**GIVEN MATERIAL**:
..............................

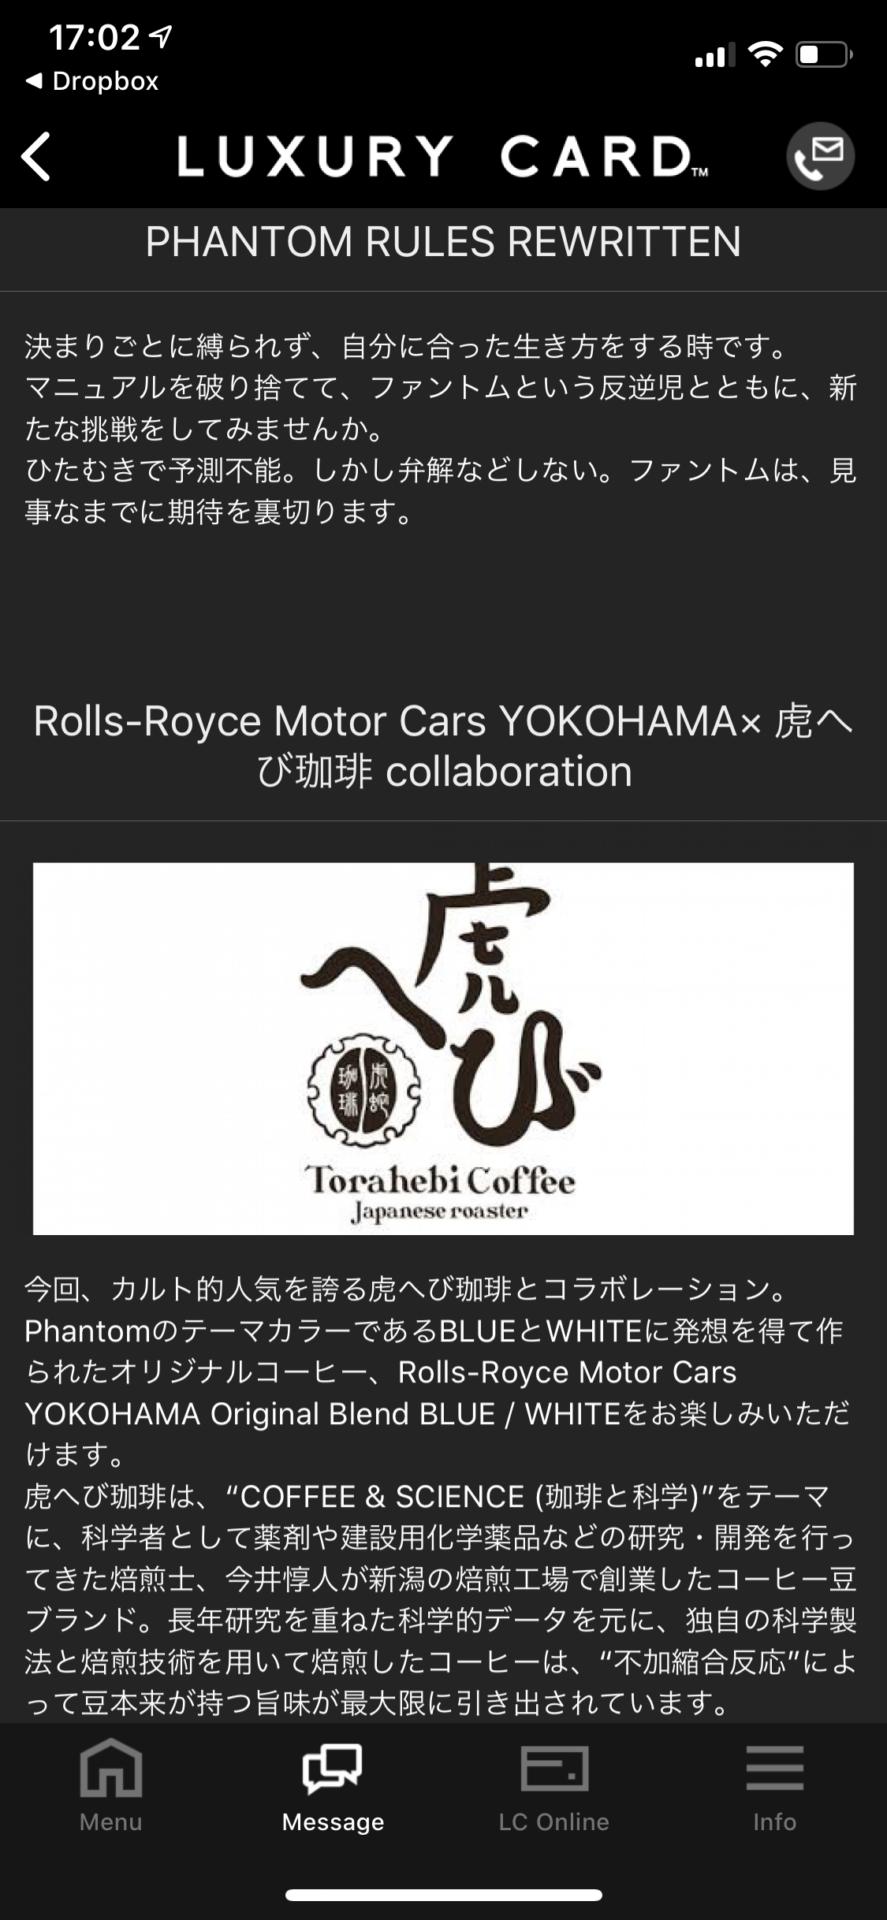 ラグジュアリーカード ゴールドのロールス・ロイス のプライベートショーへの招待 (4)
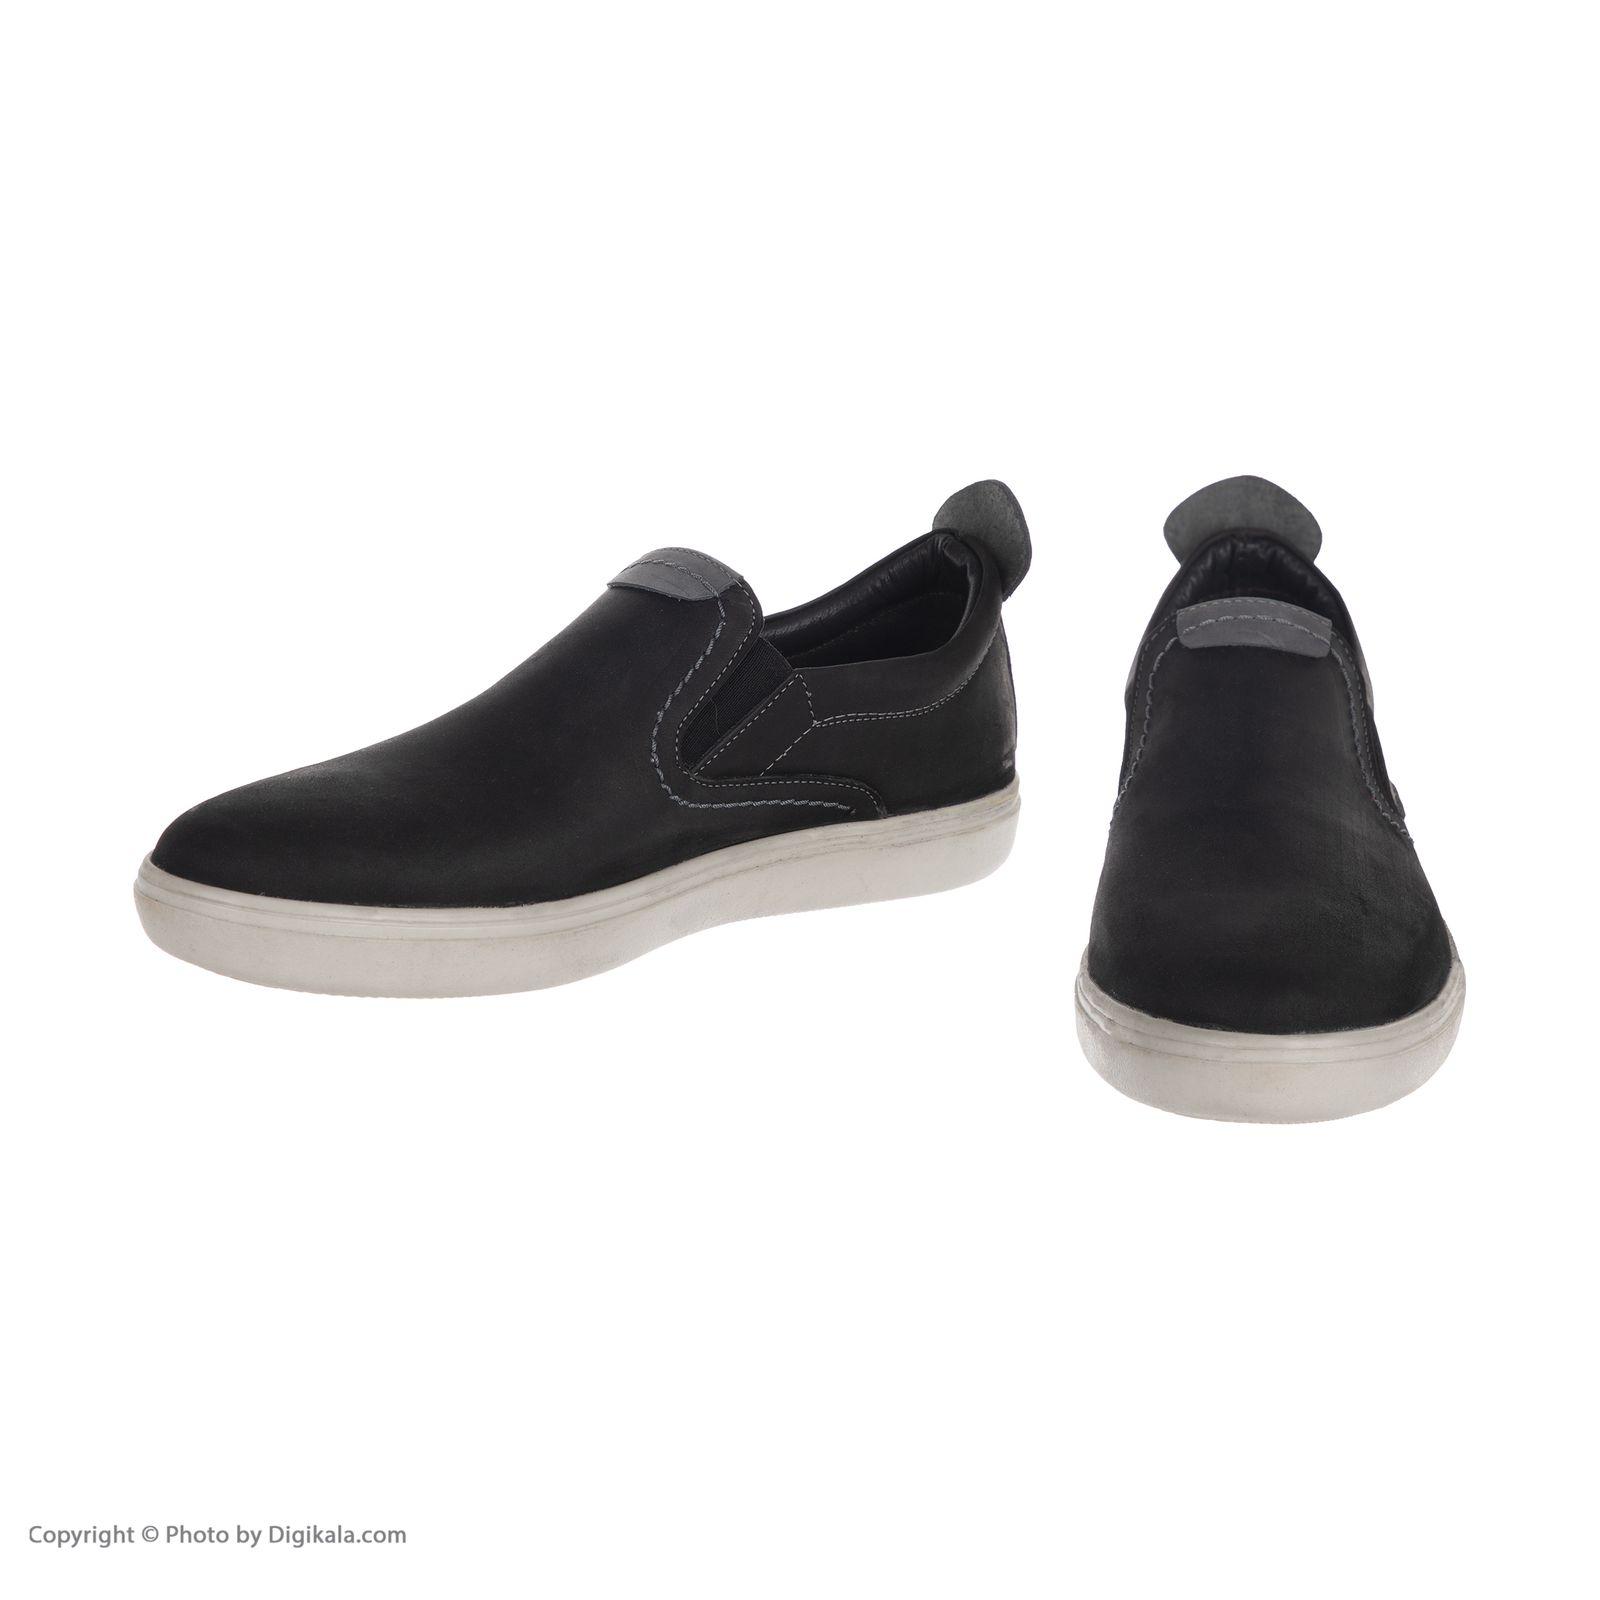 کفش روزمره مردانه دانادل مدل 8613A503129 -  - 5
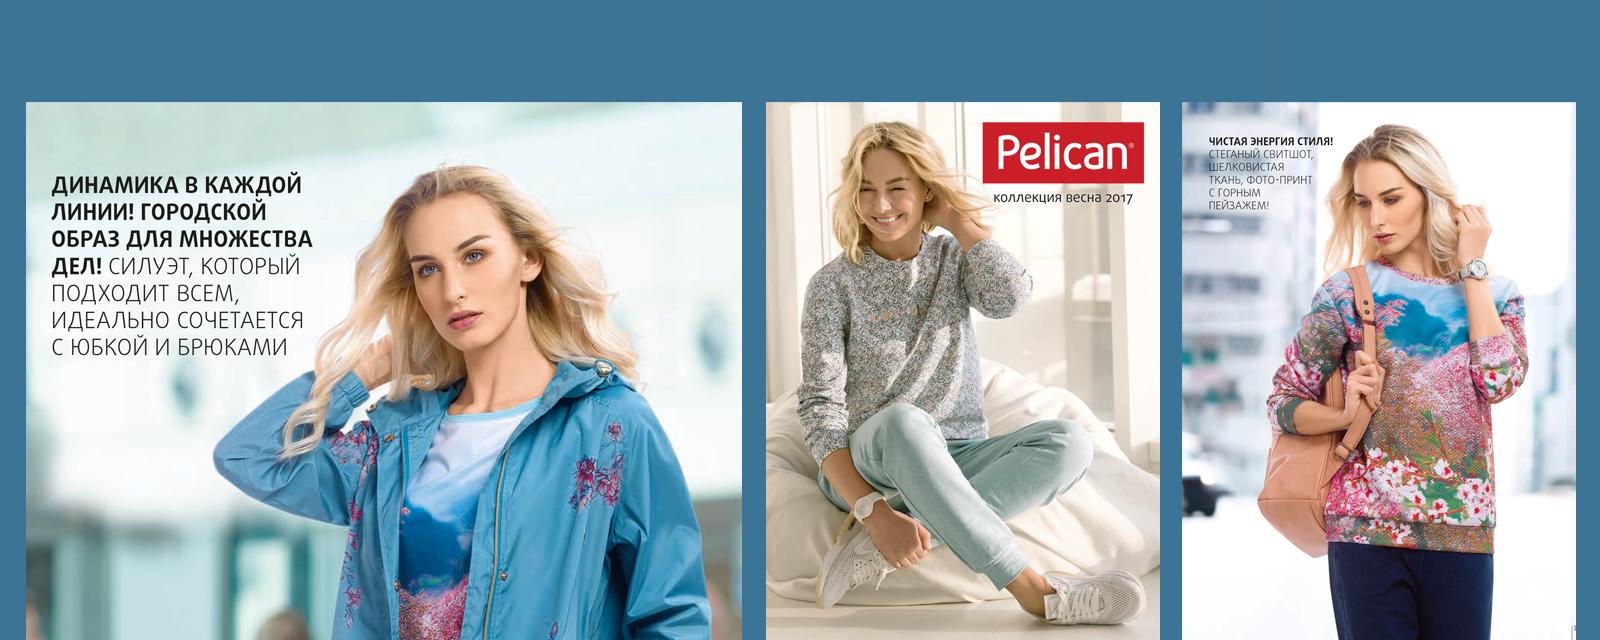 Пеликан весна 2017 женская одежда

..............................

**WHAT TO WORK ON**:
A faithful copy of the data above is wanted, with every image left out.

**RESULT OF THIS TASK**:
 ラグジュアリーカード ゴールドのロールス・ロイス のプライベートショーへの招待 (4)
 کفش روزمره مردانه دانادل مدل 8613A503129 -  - 5
 Пеликан весна 2017 женская одежда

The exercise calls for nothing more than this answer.